There have already been offered alternative solutions to the problem, but none
of those posting have answered the question, what did Jian Zhang do wrong?

To answer that question, let's do the following:

        . set obs 1                             // setup problem
        . gen double ID = 21557127
        . list

        . gen double temxxx = (ID/1000)         // What Jian Zhang did
        . gen temyyy = int(temxxx)
        . gen temzzz = temxxx - temyyy
        . gen areaxxx = temzzz*1000

        . list                                  // Examine result
        . display %16.0g temzzz
        . display %16.0g areaxxx


Here's the result:

        . set obs 1 
        obs was 0, now 1

        . gen double ID = 21557127

        . list

             +----------+
             |       ID |
             |----------|
          1. | 21557127 |
             +----------+

        . 
        . gen double temxxx = (ID/1000)

        . gen temyyy = int(temxxx)

        . gen temzzz = temxxx - temyyy

        . gen areaxxx = temzzz*1000

        . 
        . list

             +--------------------------------------------------+
             |       ID      temxxx   temyyy   temzzz   areaxxx |
             |--------------------------------------------------|
          1. | 21557127   21557.127    21557     .127       127 |
             +--------------------------------------------------+

        . display %16.0g temzzz
         .12700000405312

        . display %16.0g areaxxx
         127.00000762939

The desired result -- 127 -- looked fine until we examined it in detail, 
and then we discovered that the result was in fact 127.00000762939!

That explain why Jian Zhang reported, "when I typed: list if areaxxx==127,
stata in fact listed nothing!"

areaxxx != 127 because tempzzz!=.127.  tempzzz equals .12700000405312.

I have said this before:  Programs like Stata store results in binary, and 
to the right of the decimal point, there is often not an exact equivalent
between decimal and binary given a finite number of digits.  For .5 there is
an exact equivalent:  .1 base 2.  For .25 there is an exact equivalent:  .01
base 2.  For .125 there is an exact equivalent:  .001 base 2.

Understand how to read the above.  To the right of the binary point the 
powers are 2^(-1), 2^(-2), and so on.  .1 base 2 is 1*2^(-1) = 1/2.  
.01 base 2 is 1*2^(-2) = 1/4.  .11 base 2 would be 1/2+1/4 = 3/4.  

There are lots and lots of numbers < 1 for which there is an exact binary
representation.  What is important to understand, however, is that just
because there is an exact representation in one base does imply there is an
exact representation in another.  Think of the number 1/3.  In base 10, it is
.3333333... and that requires an infinite number of digits.  In base 3,
however, 1/3 is .1 base 3.

For the decimal number .127, there is no exact binary equivalent in a finite
number of digits.  The closest a double-precision binary can computer can 
come is 

    A = .0010000010000011000100100110111010010111100011010101100 base 2

and that is very close, being off by less than  2^(-55), or 2.776e-17.

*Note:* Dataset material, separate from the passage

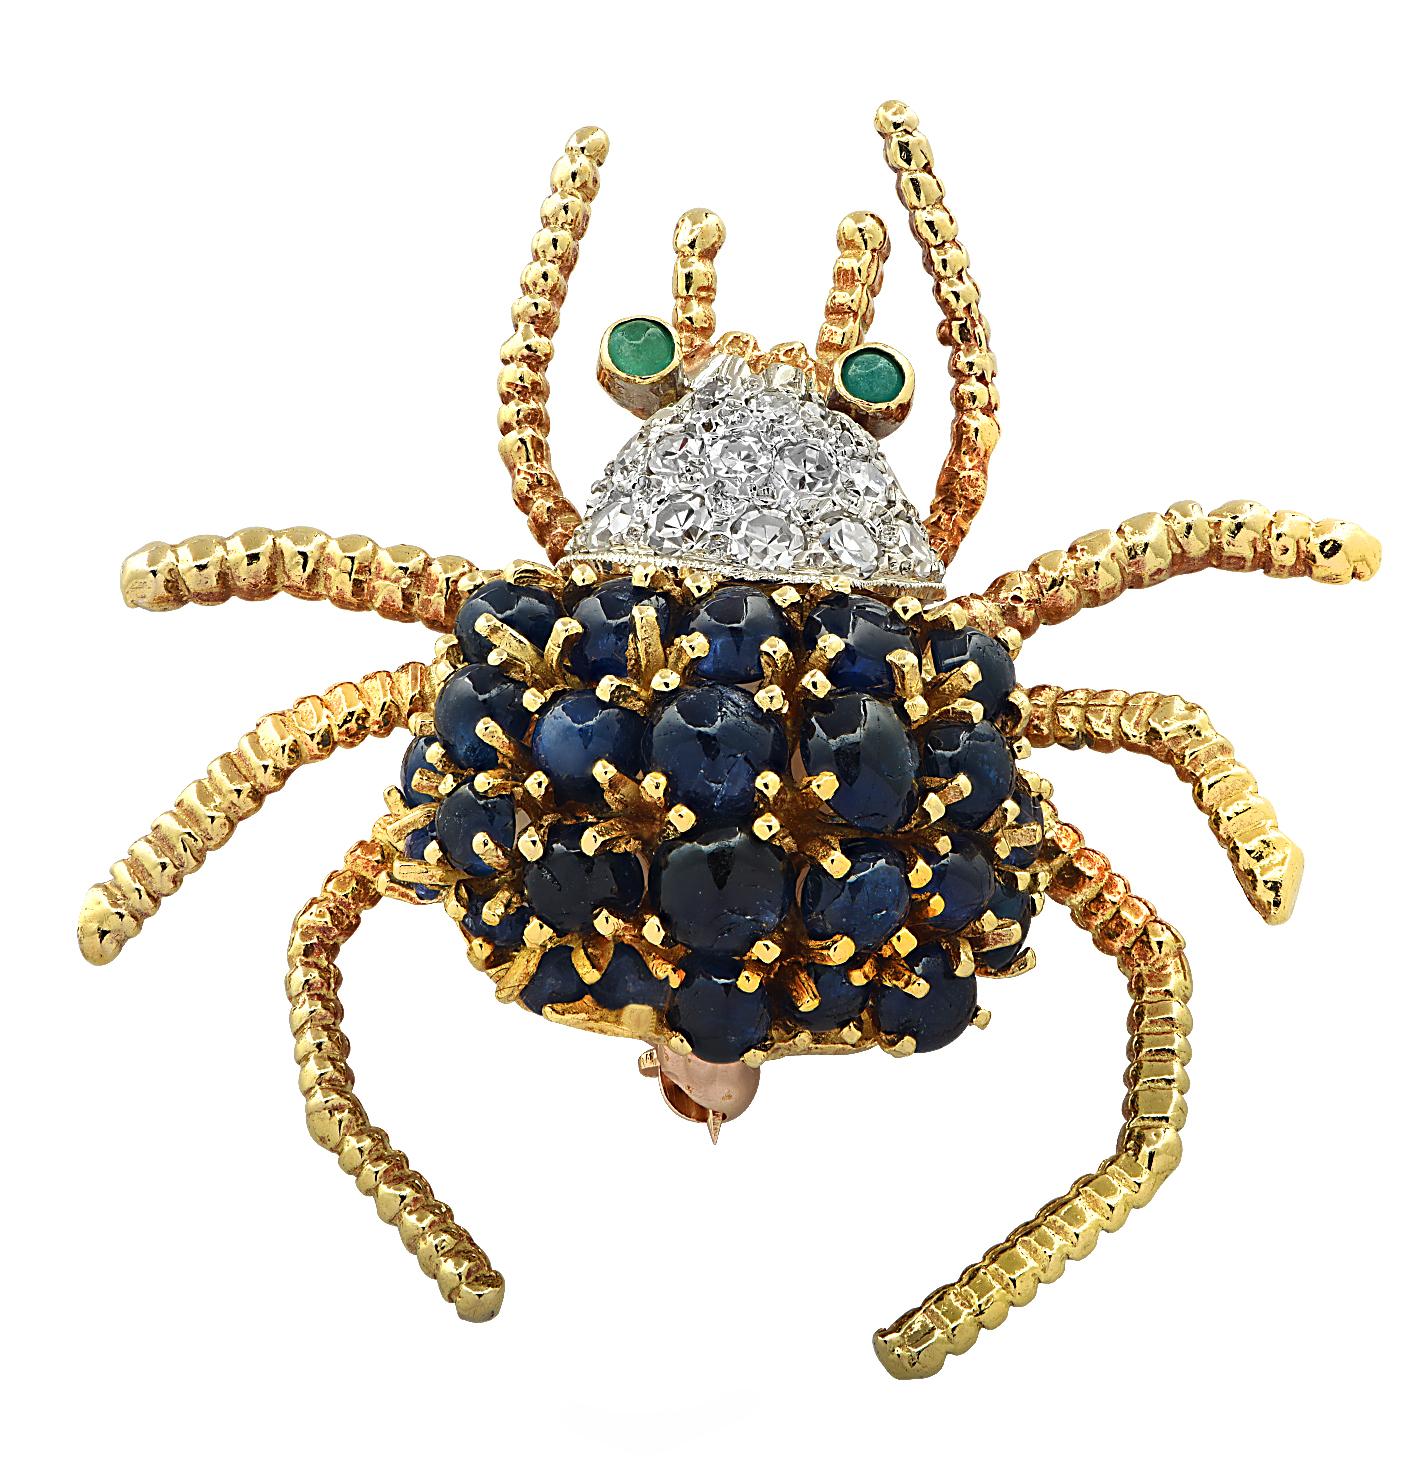 Enchanting spider brooch pin crafted in 18 karat yellow and white gold, adorned with 25 blue oval sapphire cabochons weighing approximately 2.50 carats total, 16 single cut diamonds weighing approximately .20 carats total, G color, VS clarity and 2

It is not important in and of itself that .127 has no exact binary 
representation.  Pretend you speak base 10 and that I speak base 2, and 
we put a translator between us

               You (base 10)  <-->  TRANSLATOR <--> Me (base 2)

You ask me if .127 is equal to .127.  The TRANSLATOR changes your question to
whether A (.0010000... base 2, see above) equal to A.  I reply that it is, and
you hear YES.  

For lots of problems, that is how the process works.  The question is changed 
a little, but it does not matter.  That is why you have never thought 
about this problem.

There are other questions, however, for which the translation makes a
difference in the answer, and that happens because the TRANSLATOR translates
the question to a finite (and fixed) number of digits, and it happens when 
the base 10 number has no exact binary representation.

Ask the question whether 125.127-125 is equal to .127.  The answer will be NO.

Let's pretend the translator translates to ten digits.
125.127 has no exact representation, but to ten digits, it is 

         1111101.001

.127 has no exact representation, but to ten digits, it is

         .0010000010

So the translated question becomes

     Is 1111101.001 - 1111101 equal to .0010000010?

Let's perform the subtraction:

     Is .001 equal to equal to .0010000010?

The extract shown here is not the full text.